Economic Benefits of Flourishing Mobile Sectors: Despite the potential obstacles, national and international regulatory bodies could yet be encouraged to assist in these areas, given the potential economic benefits of healthy and flourishing mobile sectors. Conway pointed out that the mobile industry is one of the few not seeking bailout funds, and the recent licensing and deployment of 3G services in China have attracted a positive comment about the economic stimulus thereby provided to the country (see China: 4 September 2008: SWOT Analysis on Major Chinese Telcos Amid Industry Shakeup). The case for regulatory assistance in this area, as highlighted at the Mobile World Congress, is therefore growing.Valid Calls, Despite VimpelCom's Own Interests: Izosimov's comments on the regulatory climates of Russia and Ukraine should be viewed in the context of VimpelCom's own interests in these countries.
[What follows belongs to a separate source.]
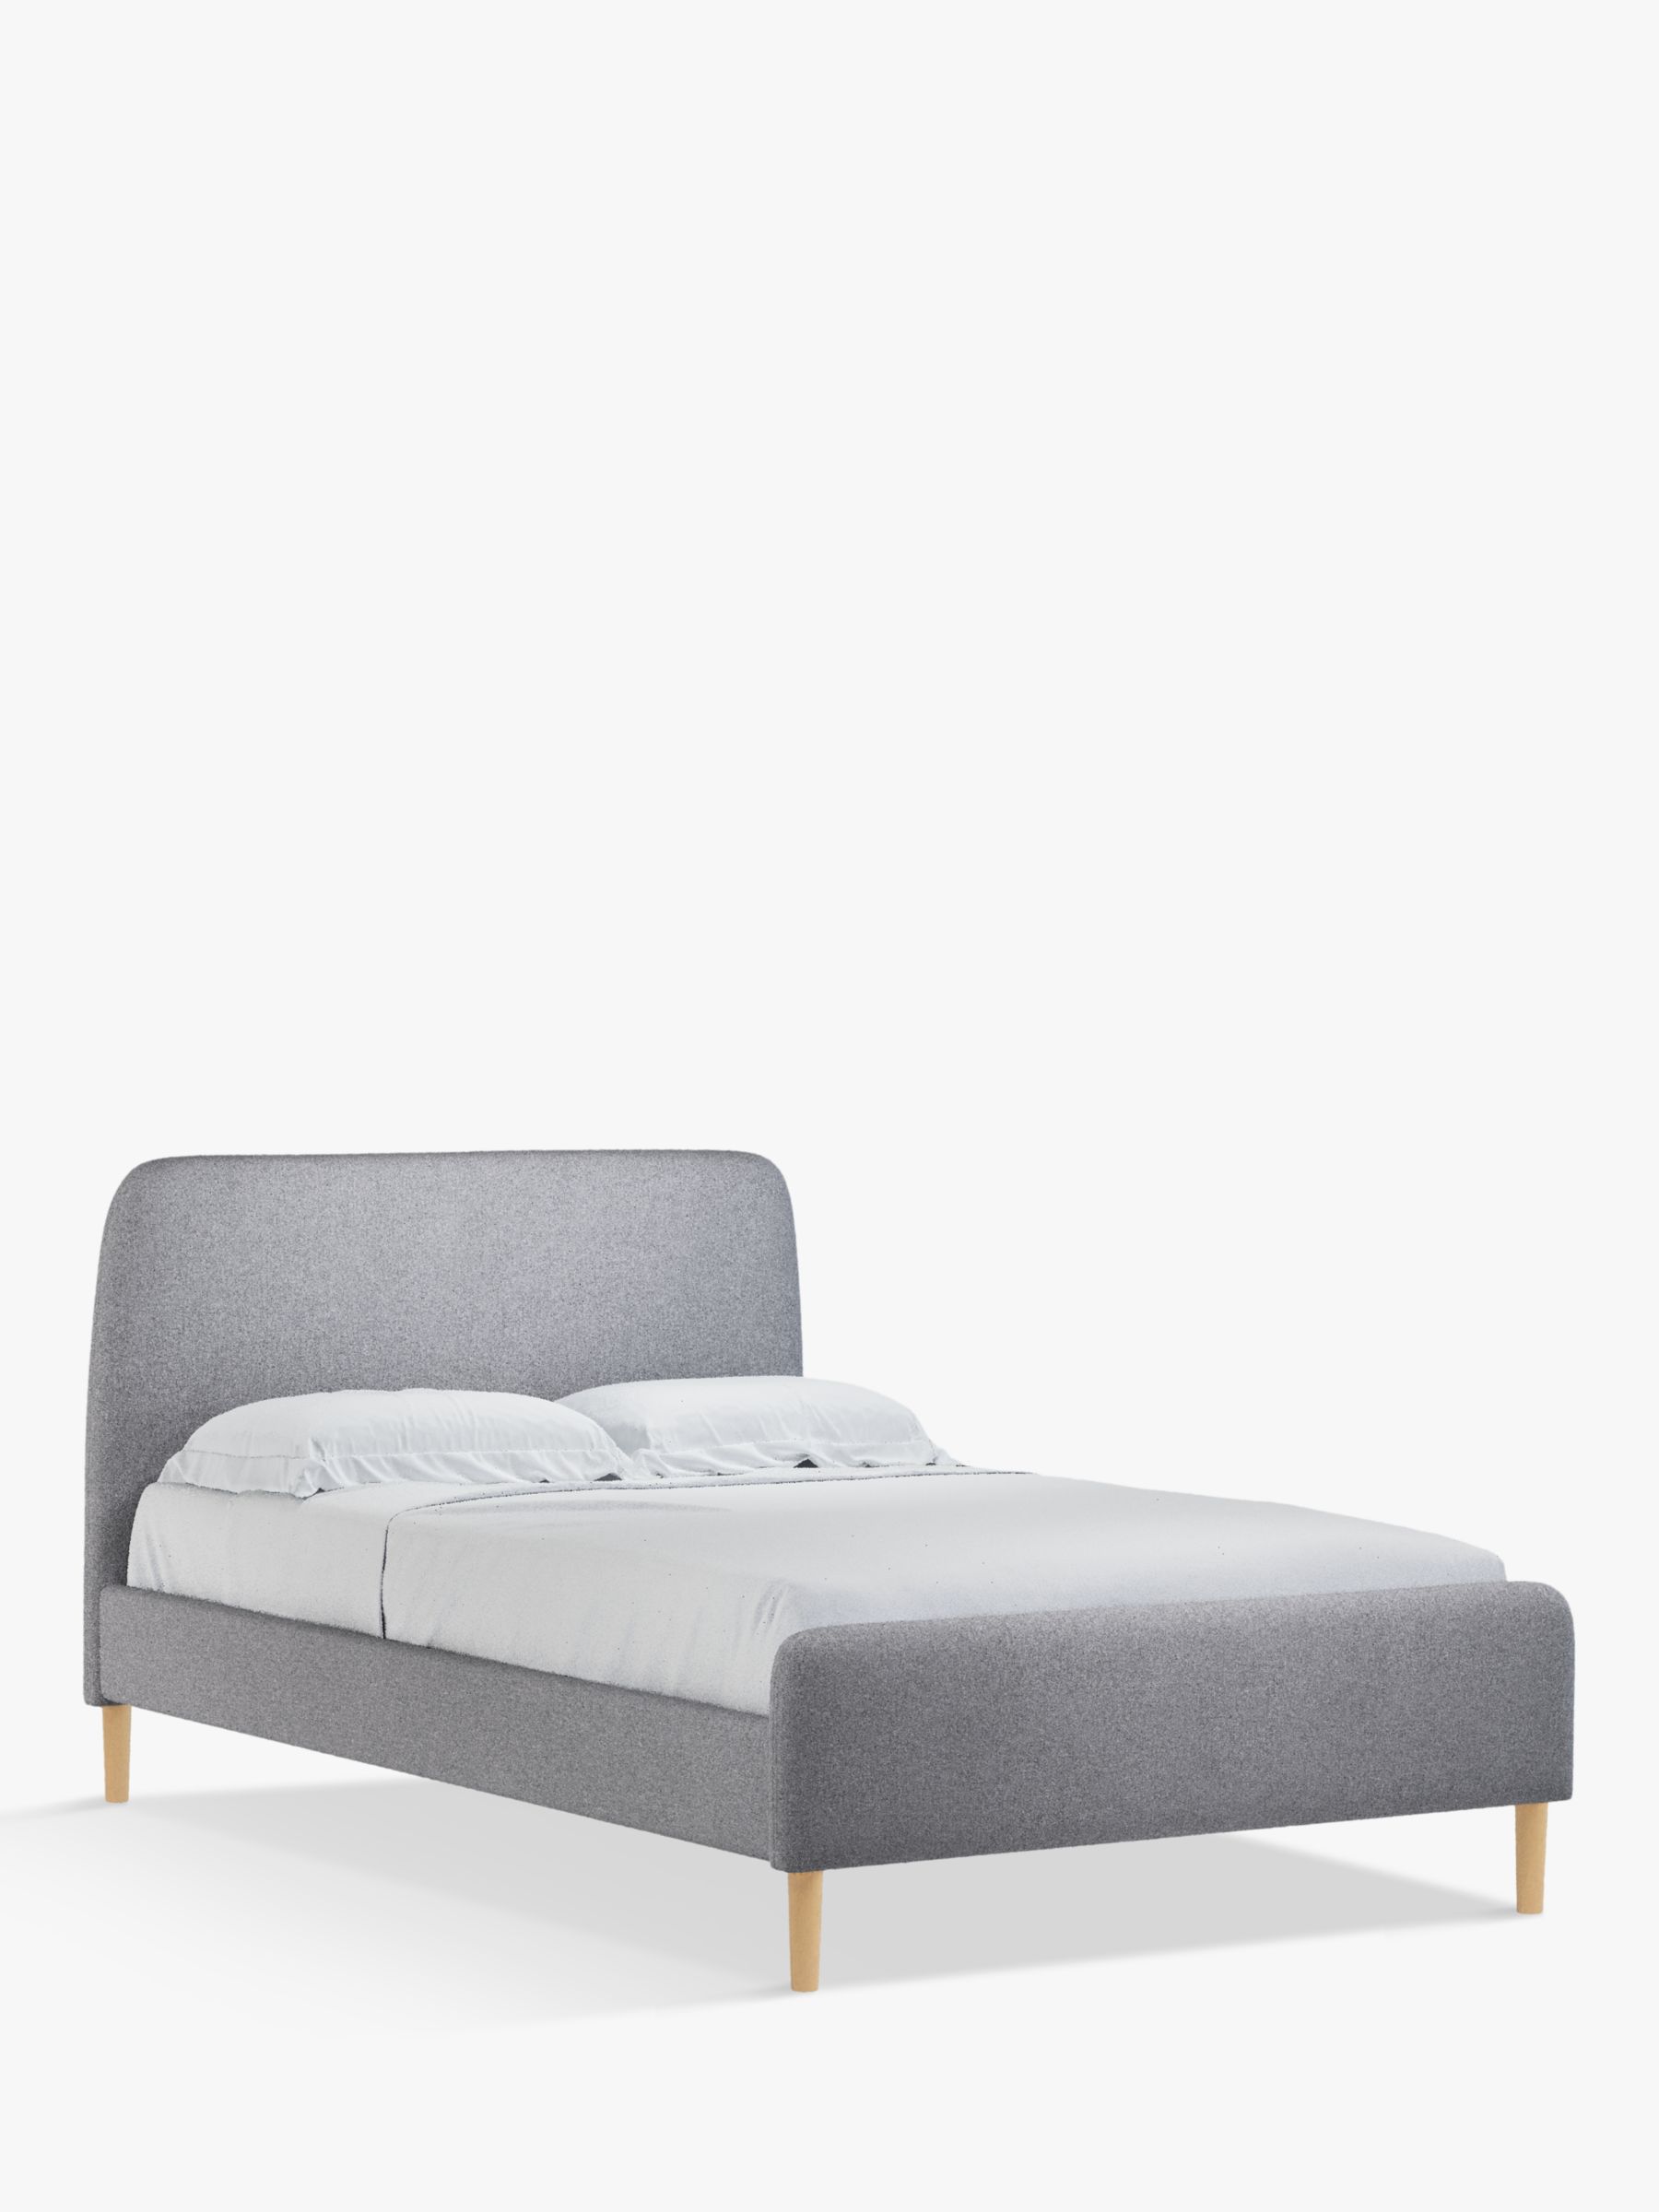 Partners Bonn Upholstered Bed Frame, Small Full Bed Frame

It is therefore no surprise that he has opposed MNP in Russia, is calling for frequency allocation to be resolved in Russia's Far-East, and is keen for more benign regulation towards smaller players in Ukraine. However, ignoring the natural interests of VimpelCom, such calls seem valid at a time of economic hardship. IHS Global Insight believes that it is reasonable to call for the regulatory status quo to be preserved until mobile operators have ridden out the economic storm.